Would you print every entry below exactly as written, omitting the images?
╭─ DATA FOR THIS EXERCISE
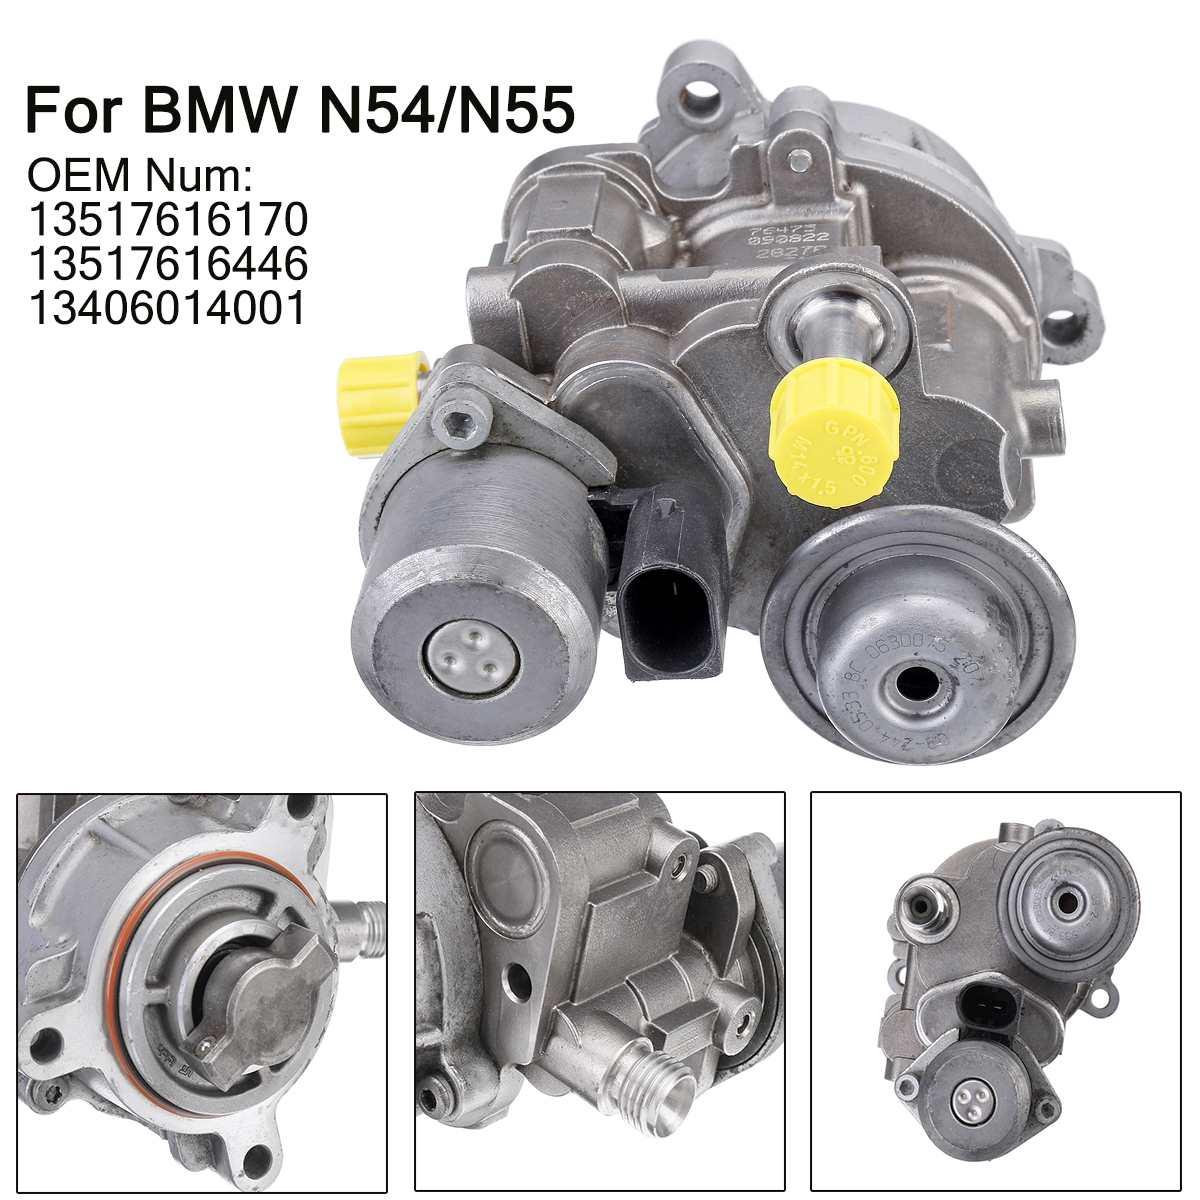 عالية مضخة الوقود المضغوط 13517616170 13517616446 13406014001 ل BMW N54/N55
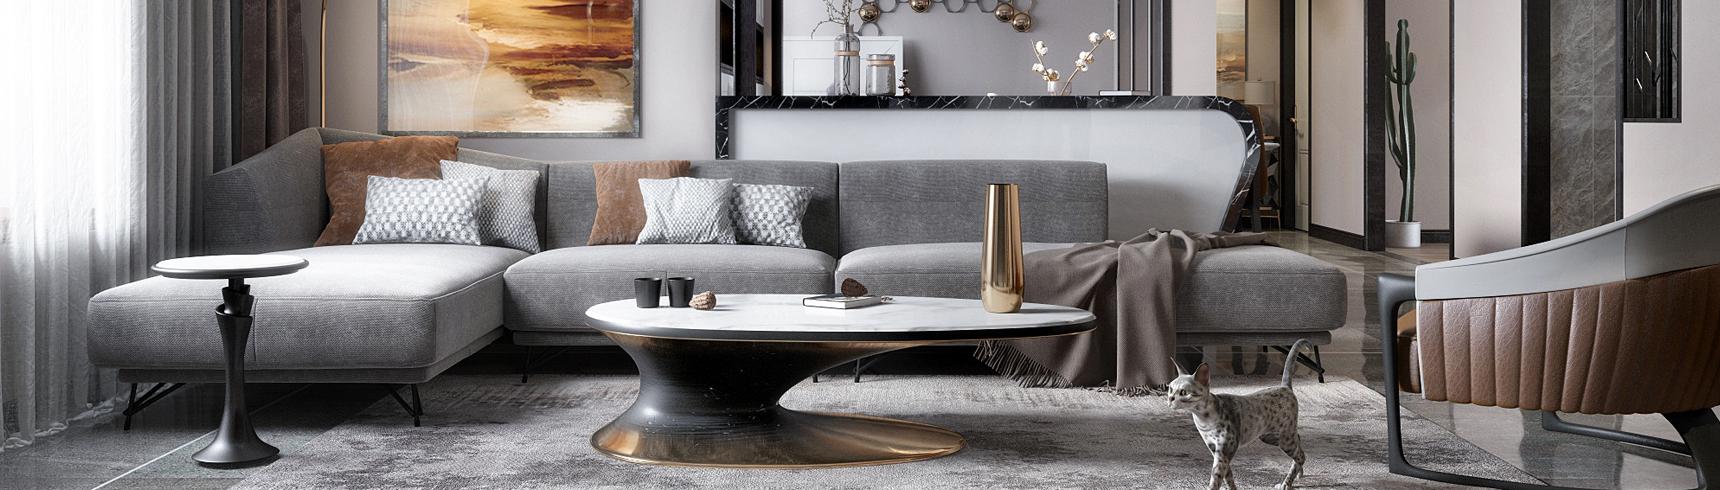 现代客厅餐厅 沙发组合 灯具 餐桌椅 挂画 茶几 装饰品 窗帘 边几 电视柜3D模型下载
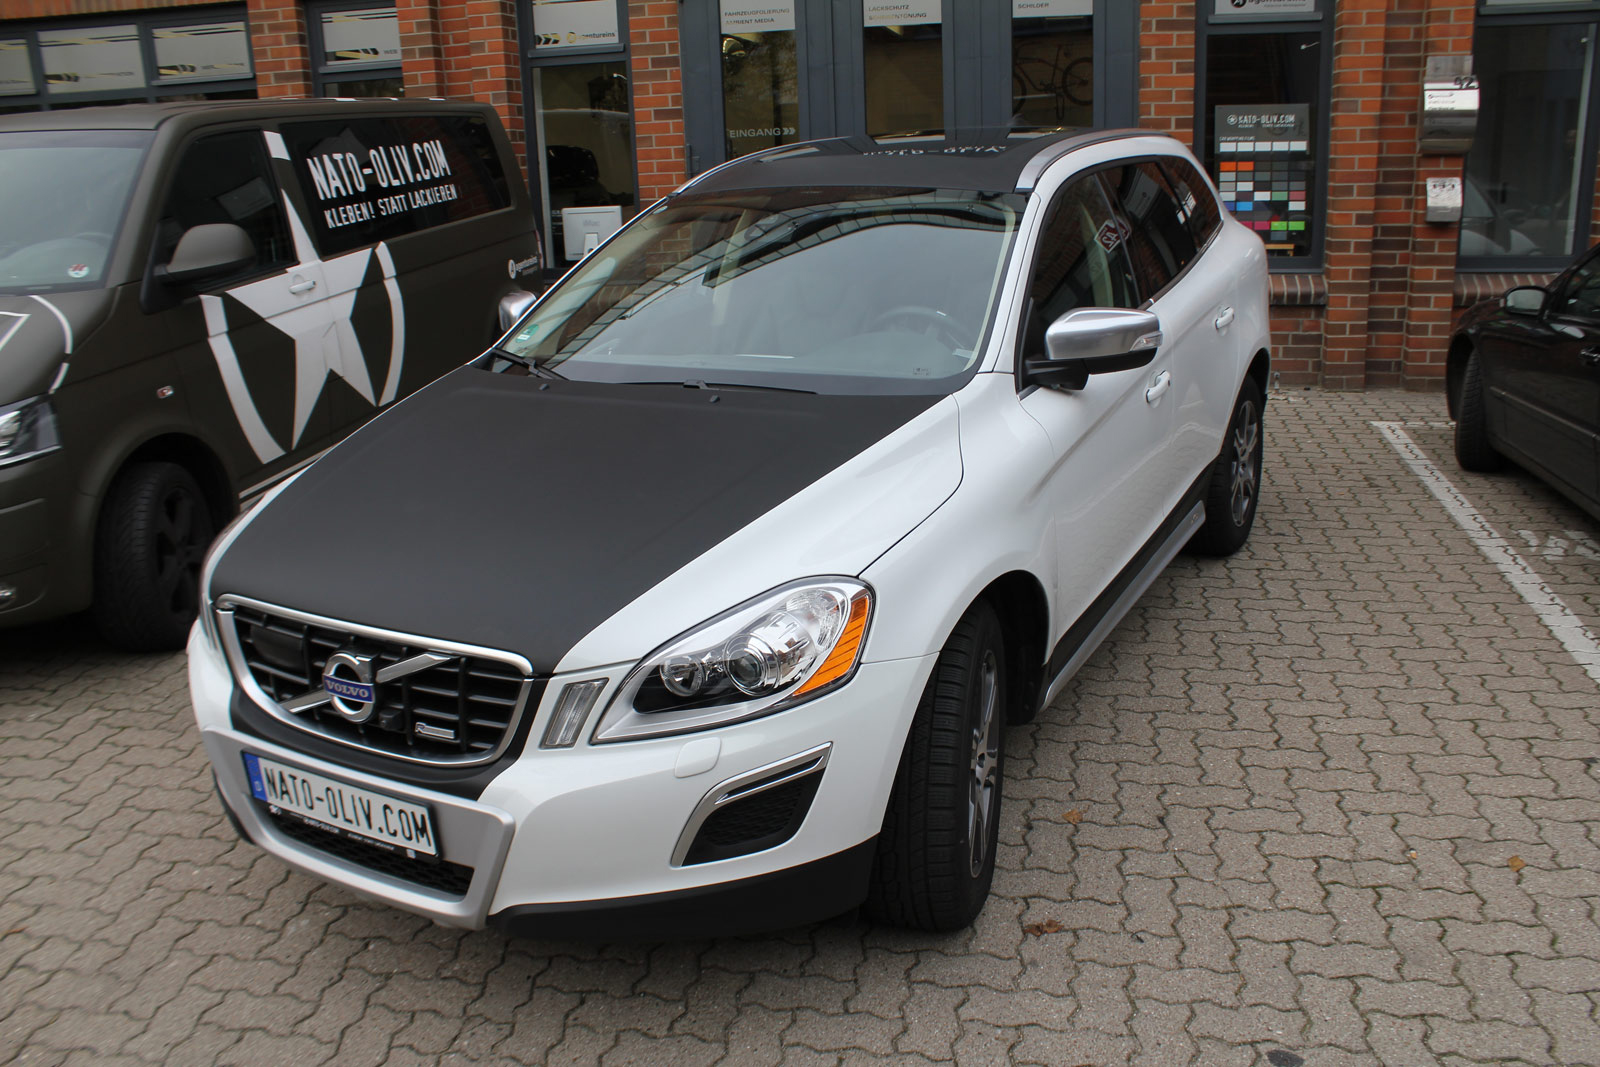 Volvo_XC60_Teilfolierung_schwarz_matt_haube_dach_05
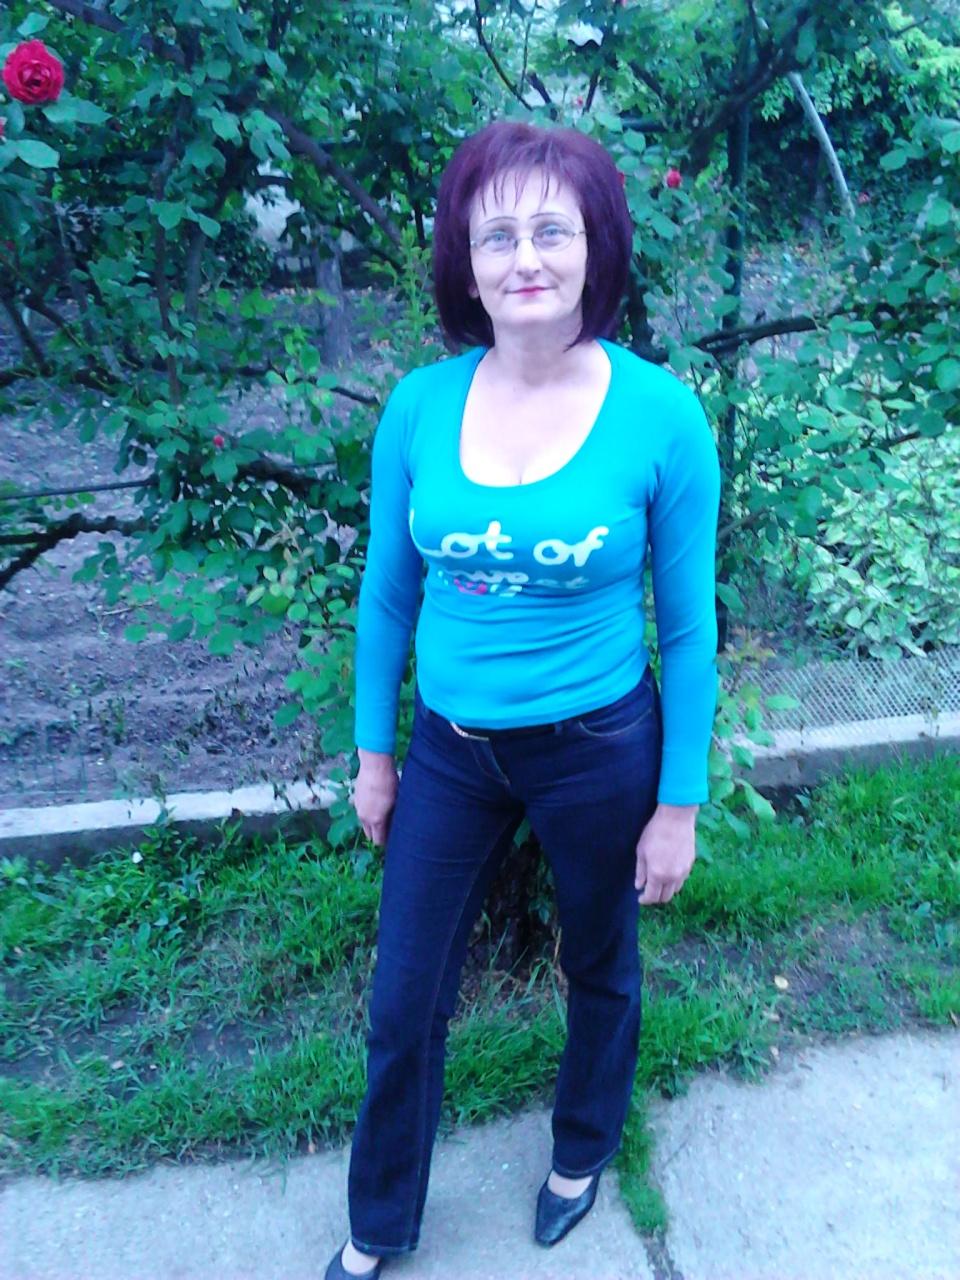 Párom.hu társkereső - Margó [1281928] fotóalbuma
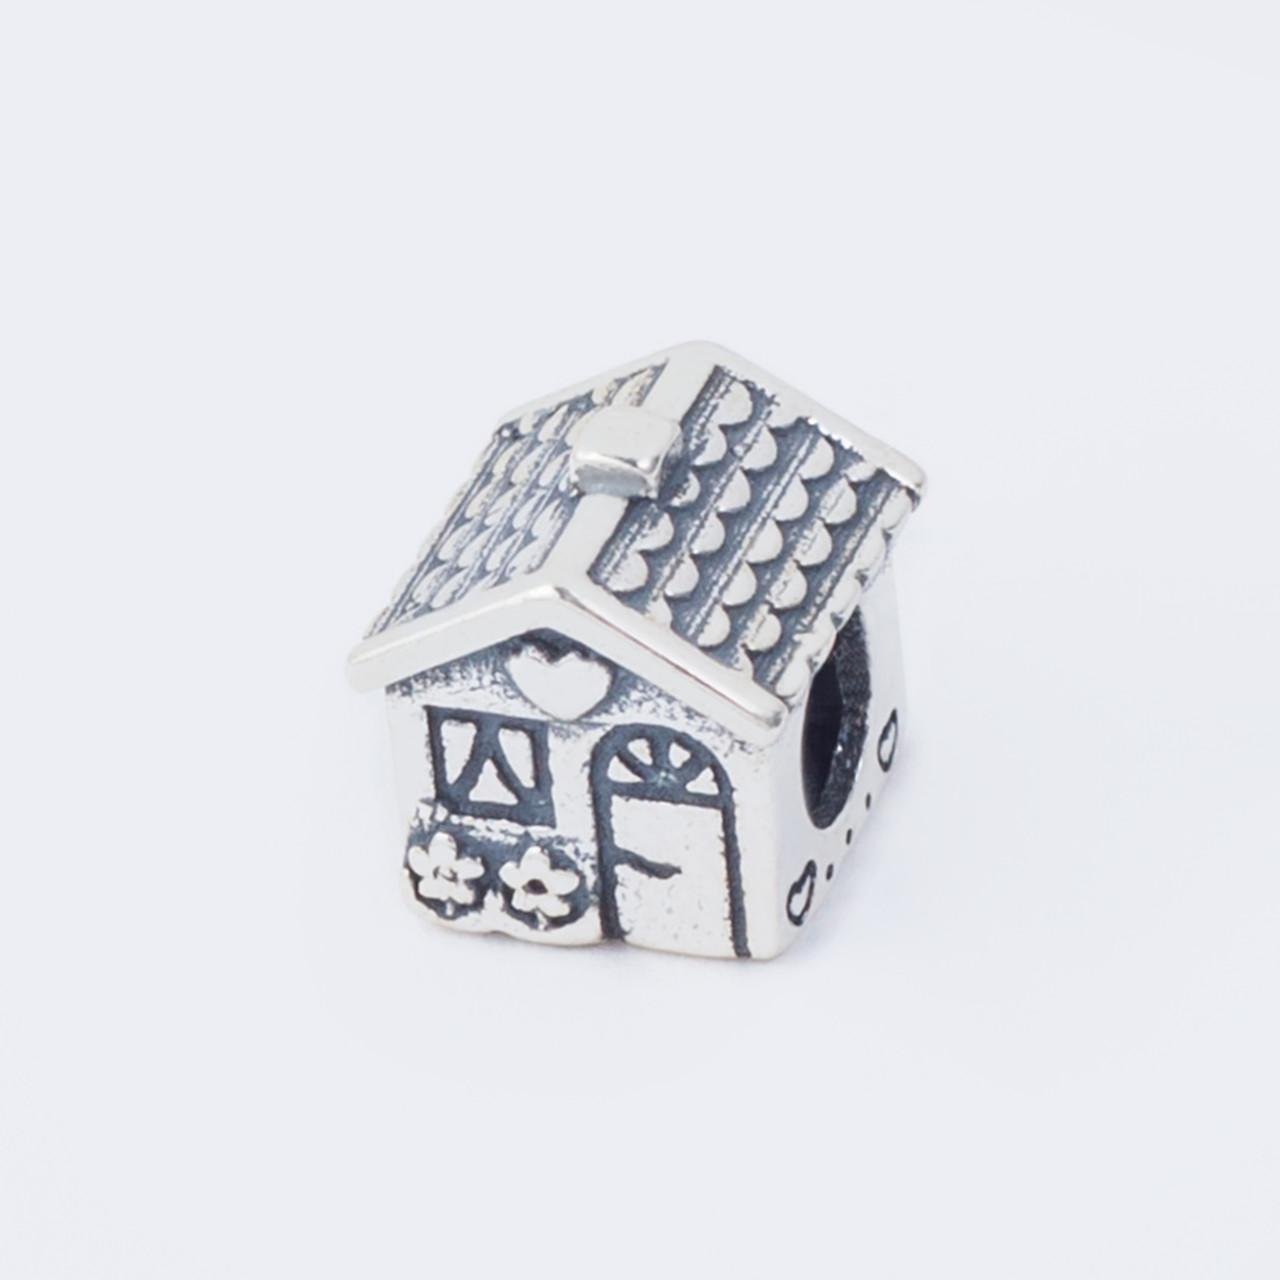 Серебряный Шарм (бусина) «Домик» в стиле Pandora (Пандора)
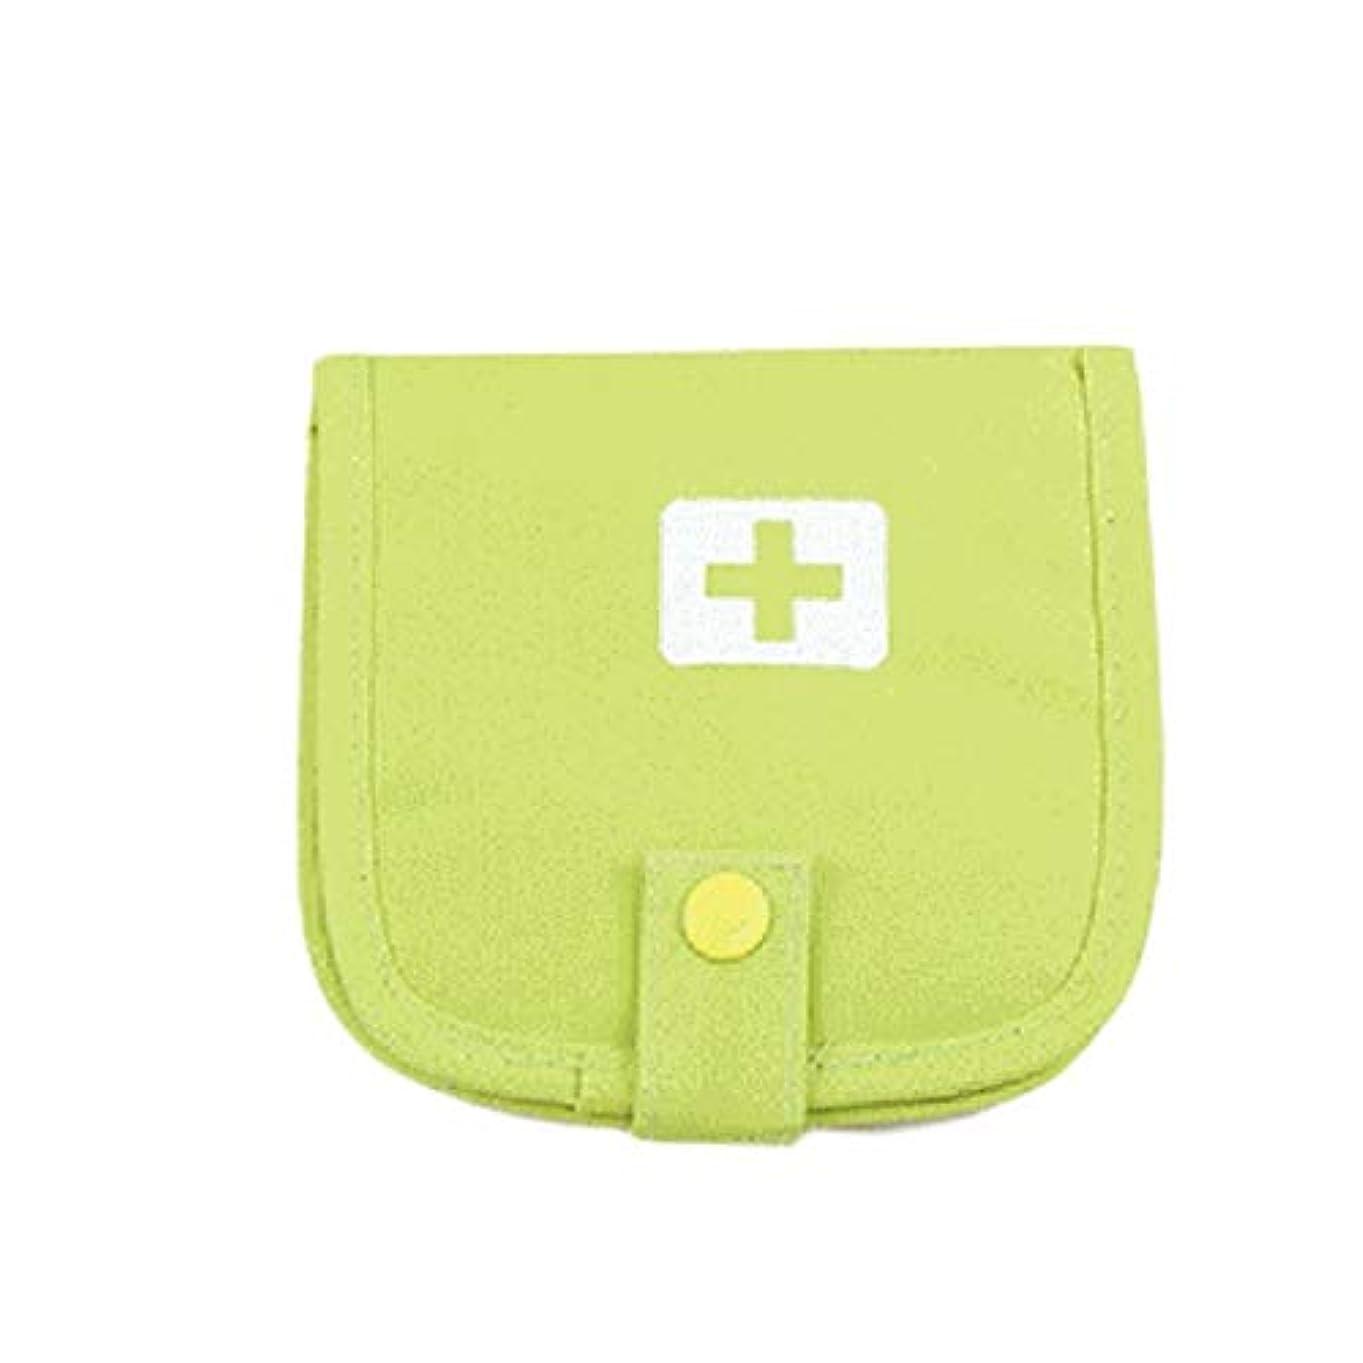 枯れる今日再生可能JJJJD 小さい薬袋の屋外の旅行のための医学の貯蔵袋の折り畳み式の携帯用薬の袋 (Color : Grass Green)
╰─
RESULT OF THE TASK »
 عالية مضخة الوقود المضغوط 13517616170 13517616446 13406014001 ل BMW N54/N55
 现代客厅餐厅 沙发组合 灯具 餐桌椅 挂画 茶几 装饰品 窗帘 边几 电视柜3D模型下载
 Volvo_XC60_Teilfolierung_schwarz_matt_haube_dach_05
 Párom.hu társkereső - Margó [1281928] fotóalbuma
 Серебряный Шарм (бусина) «Домик» в стиле Pandora (Пандора)
 枯れる今日再生可能JJJJD 小さい薬袋の屋外の旅行のための医学の貯蔵袋の折り畳み式の携帯用薬の袋 (Color : Grass Green)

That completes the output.